:: Data shown ::
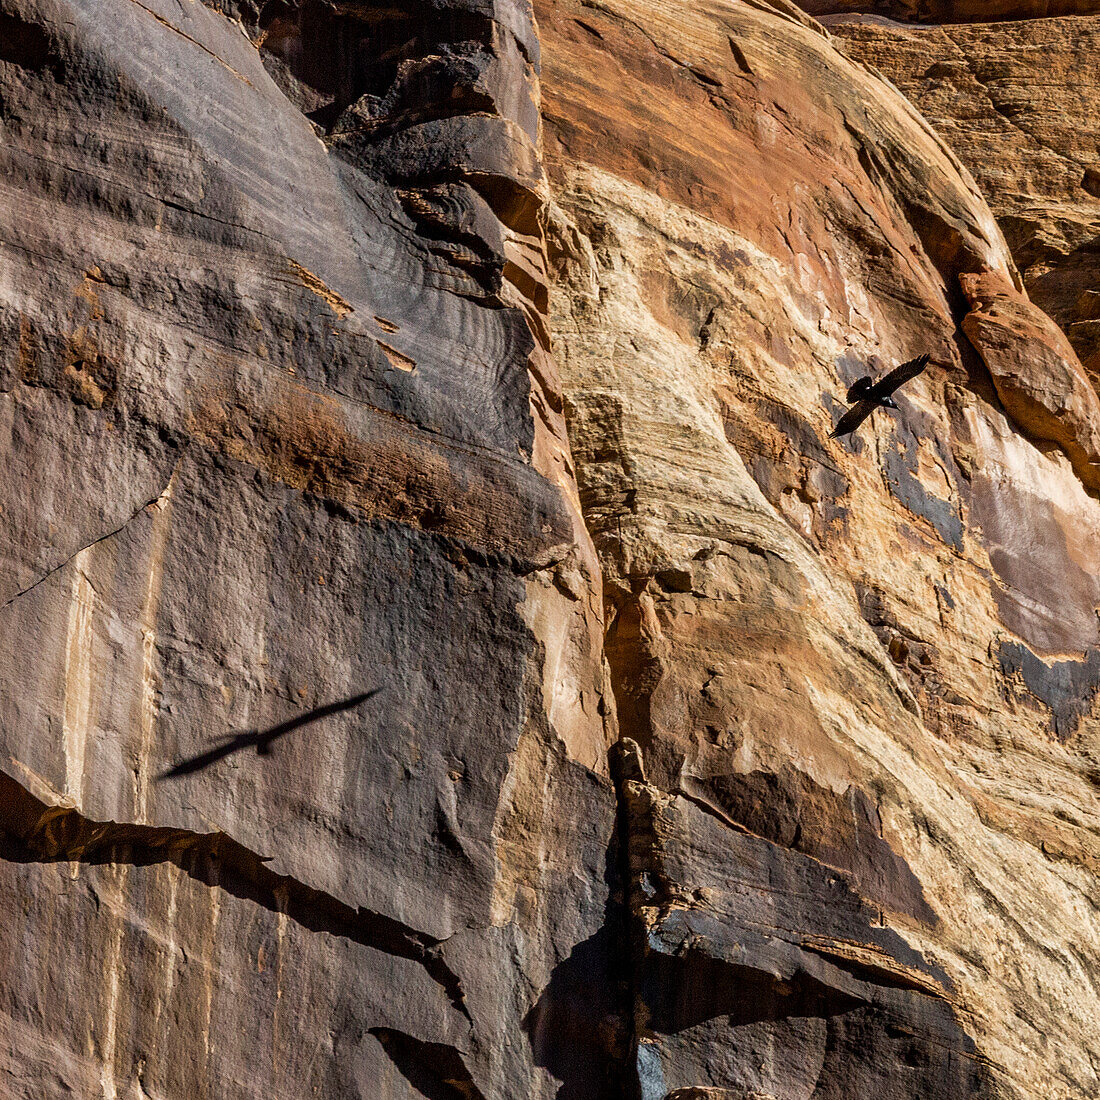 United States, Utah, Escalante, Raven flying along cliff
...
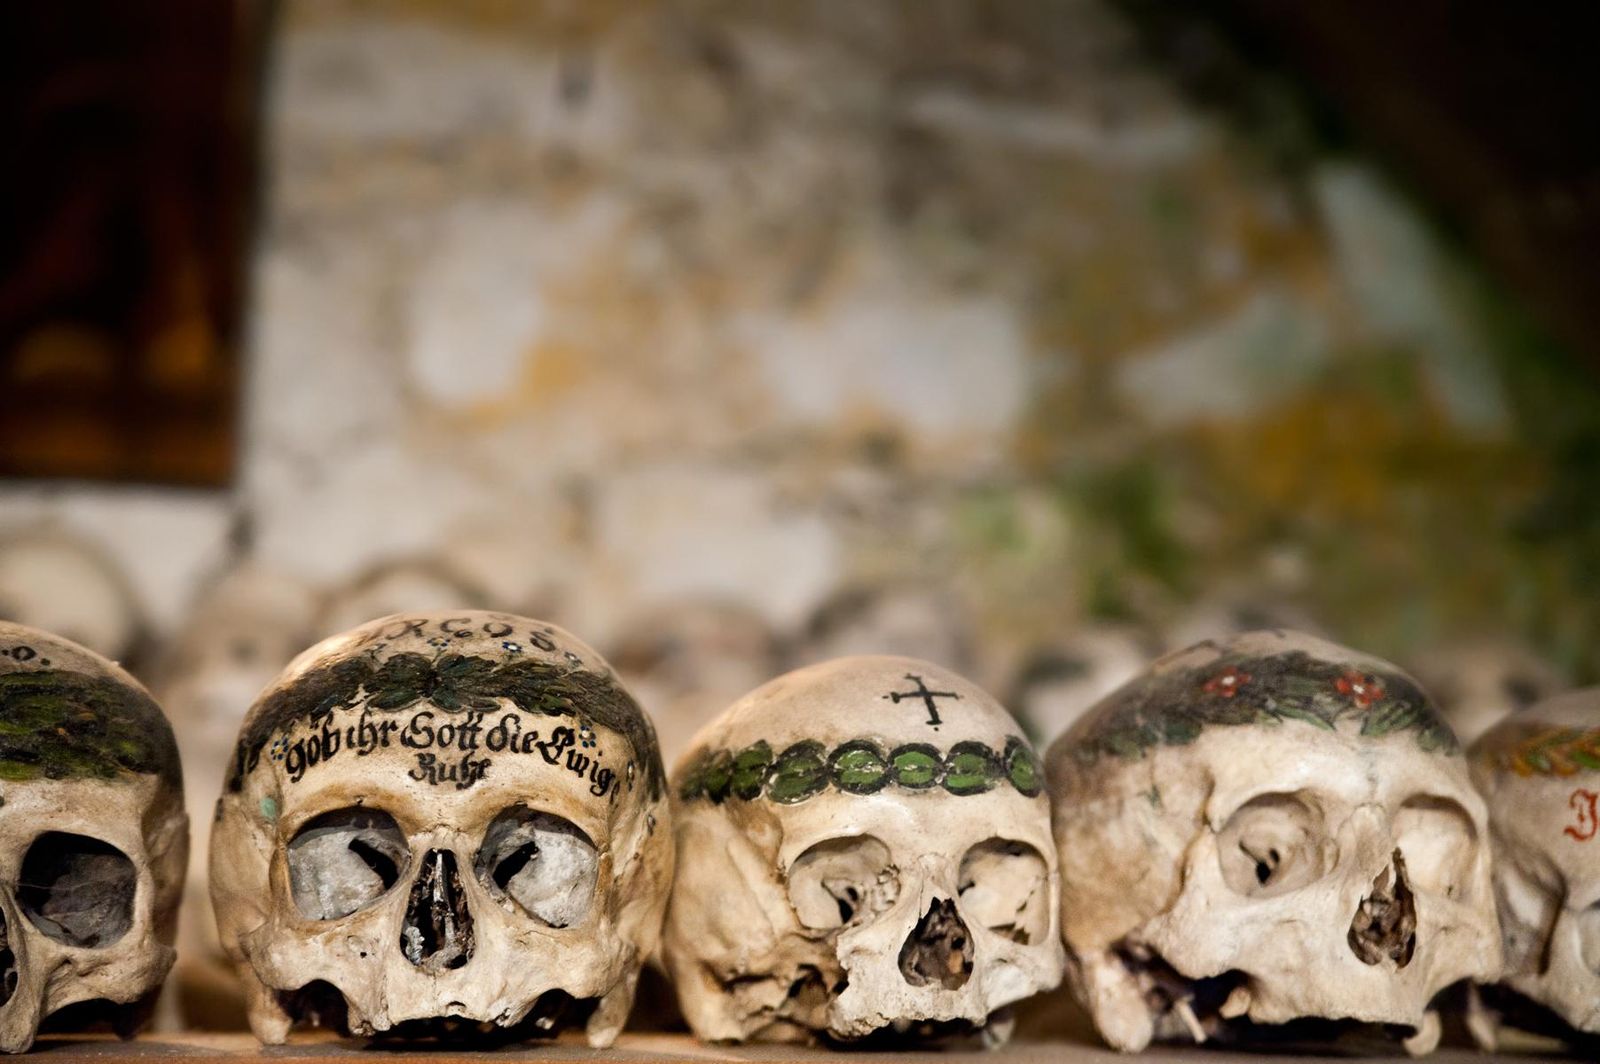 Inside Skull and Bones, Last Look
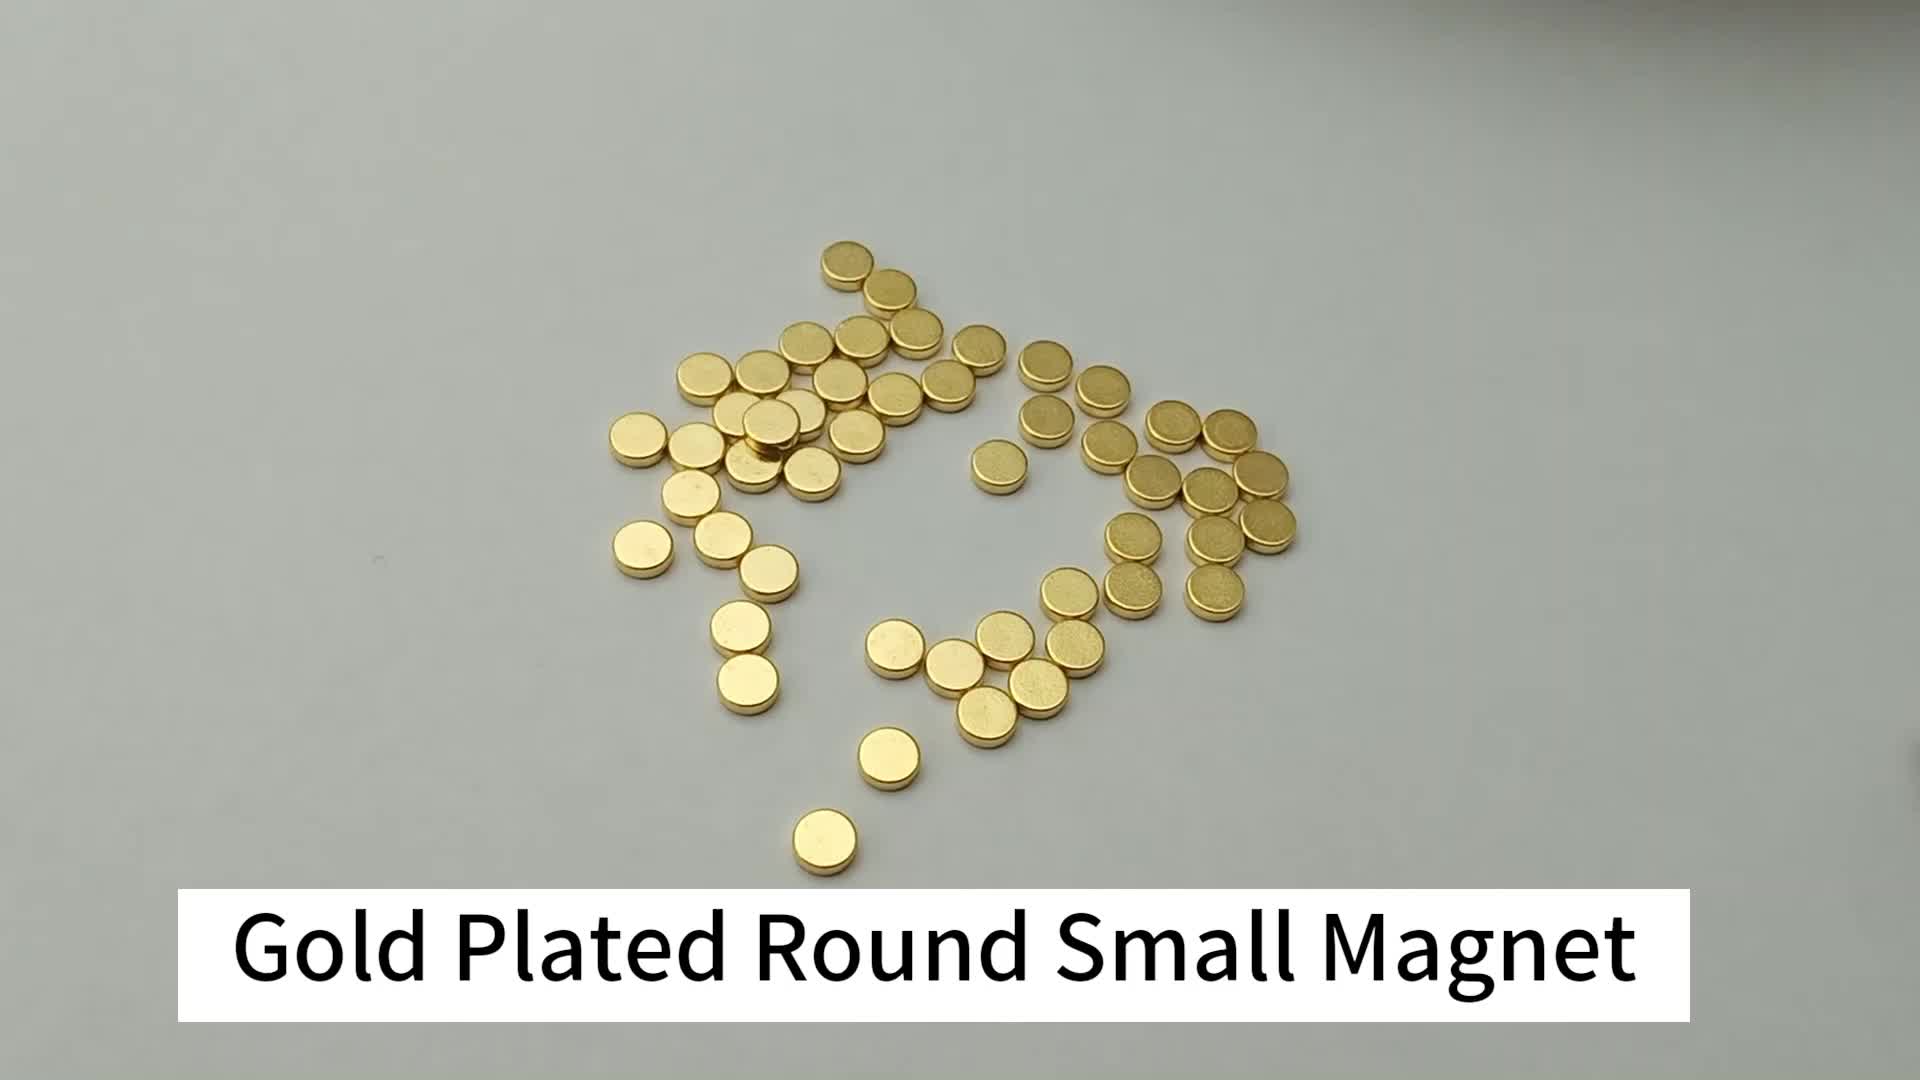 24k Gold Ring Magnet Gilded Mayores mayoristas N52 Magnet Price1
---
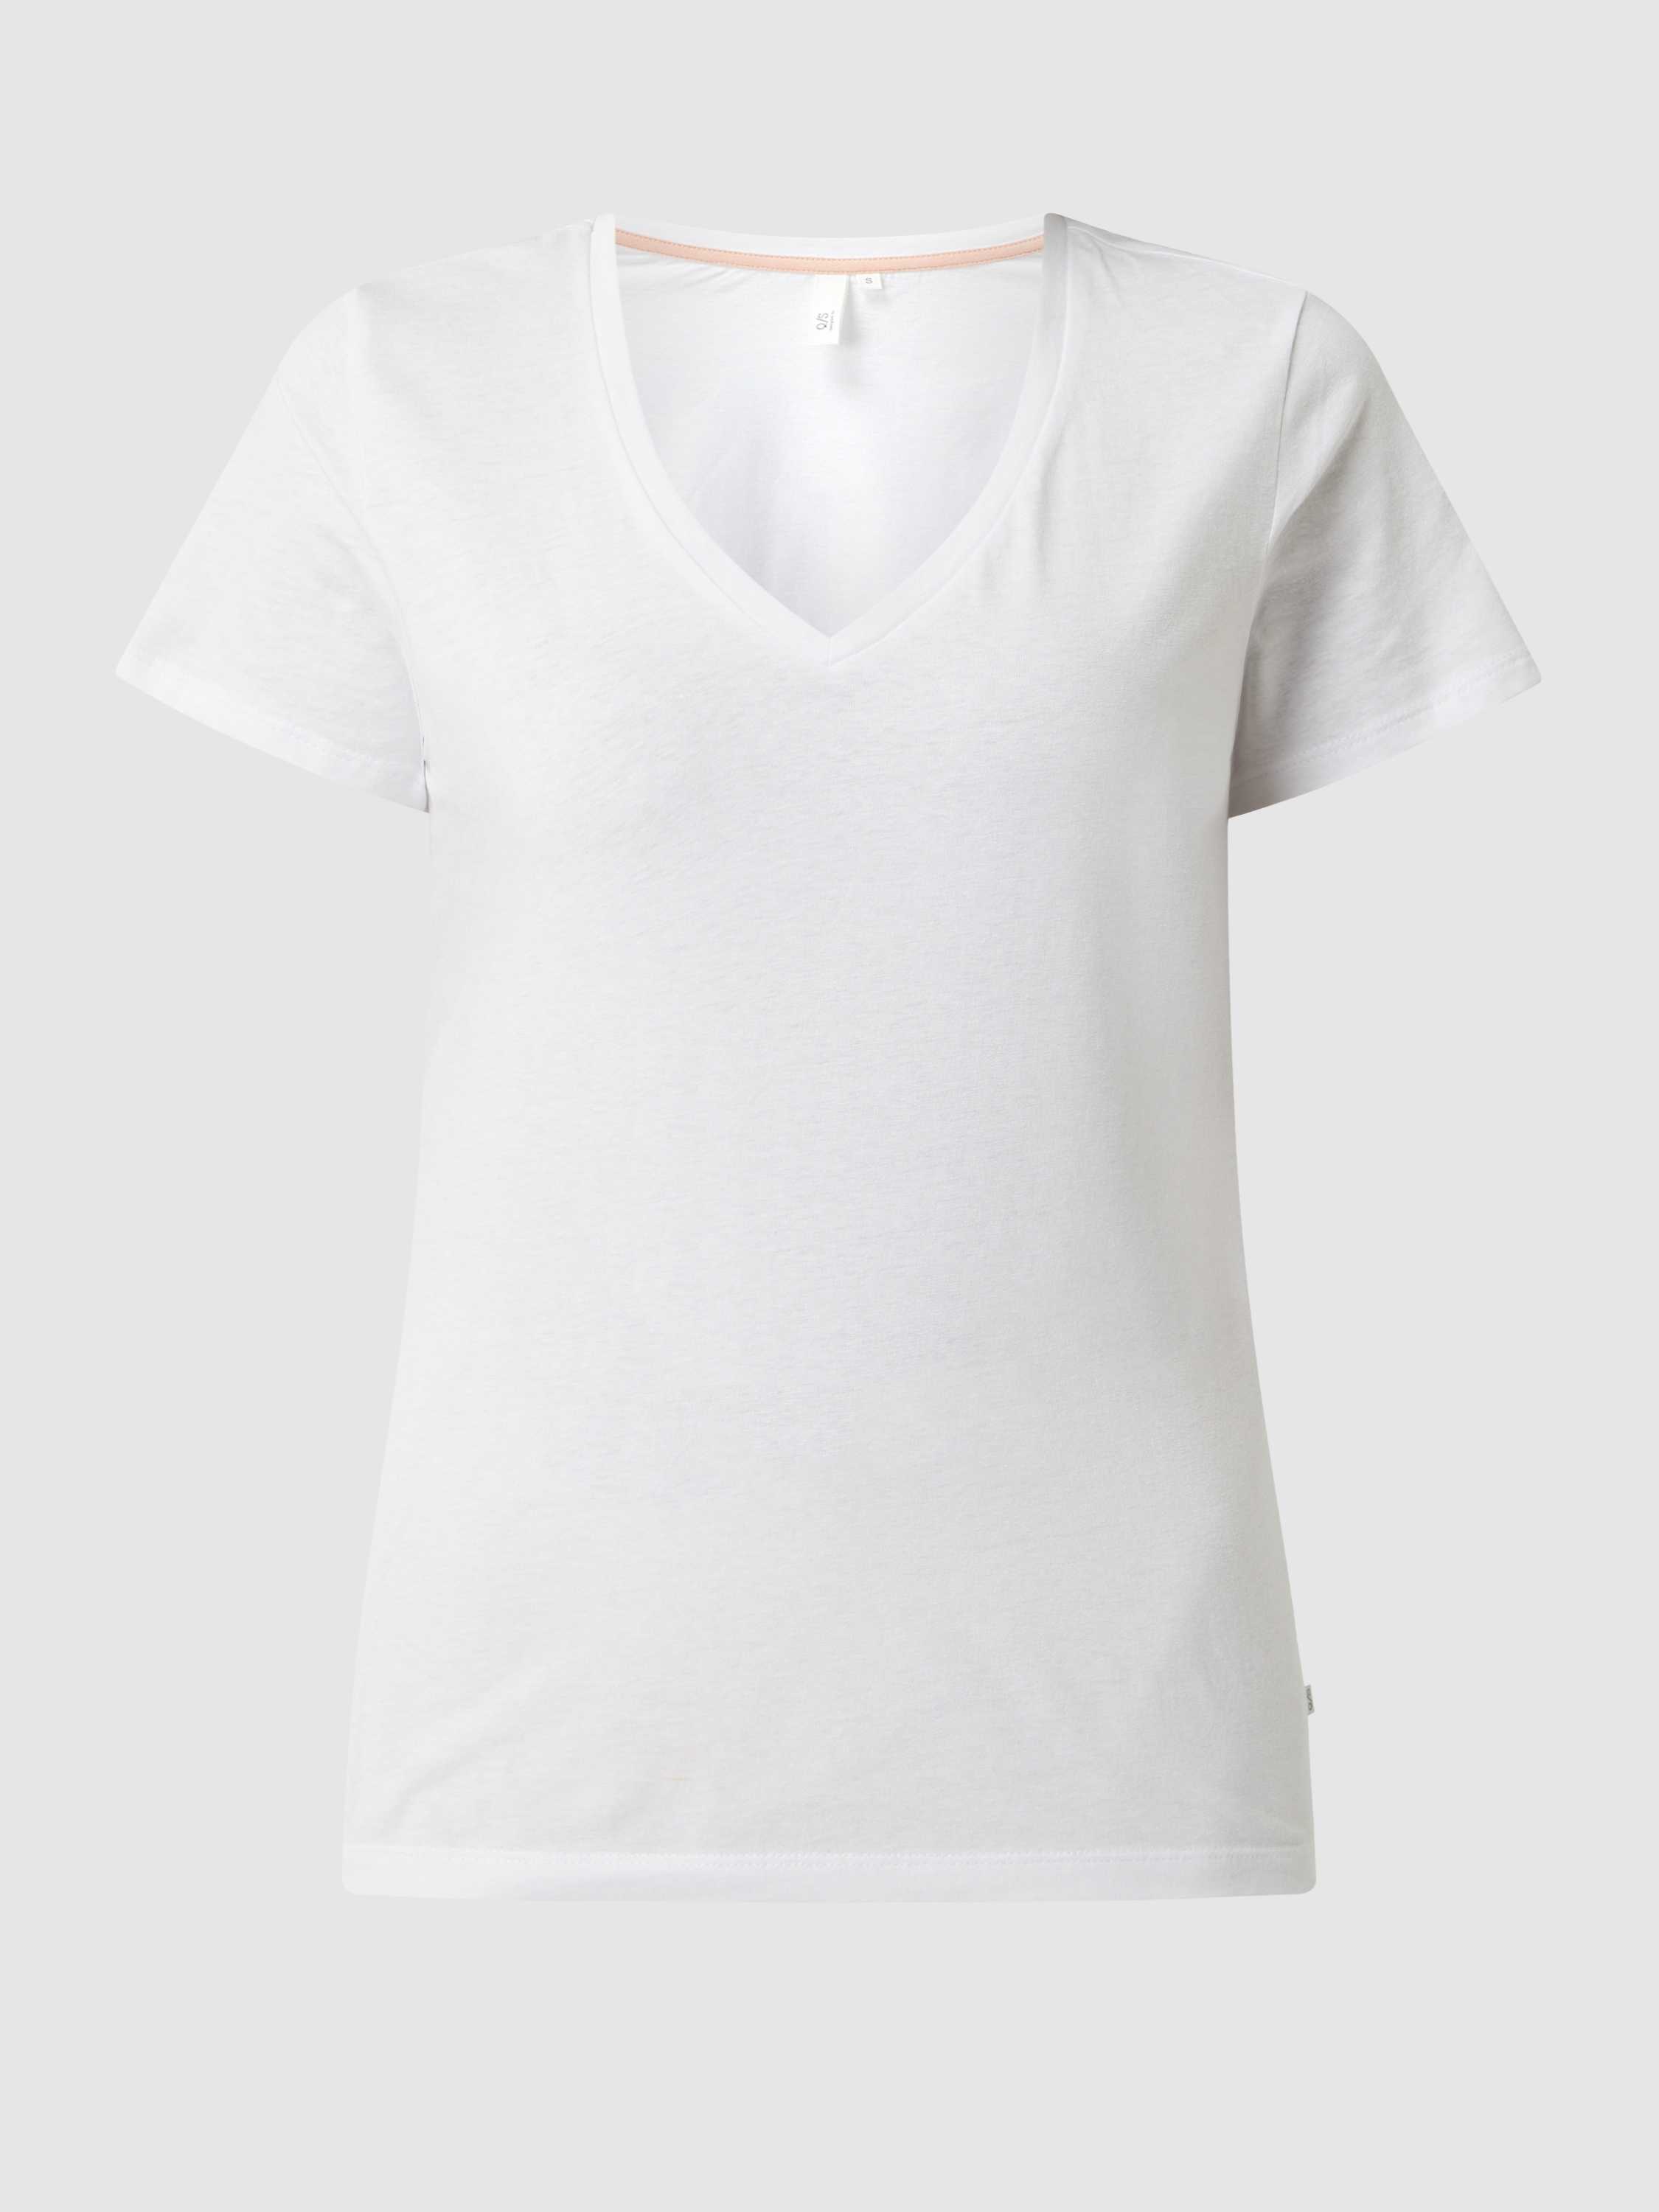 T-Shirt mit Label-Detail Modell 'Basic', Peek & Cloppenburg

:: Problem to solve ::
Would you copy, word for word, only the lines above from the one containing "Inside Skull and Bones, Last Look" through the one containing "24k Gold Ring", both included, and please leave out the pictures?

:: Reply ::
 Inside Skull and Bones, Last Look
 24k Gold Ring Magnet Gilded Mayores mayoristas N52 Magnet Price1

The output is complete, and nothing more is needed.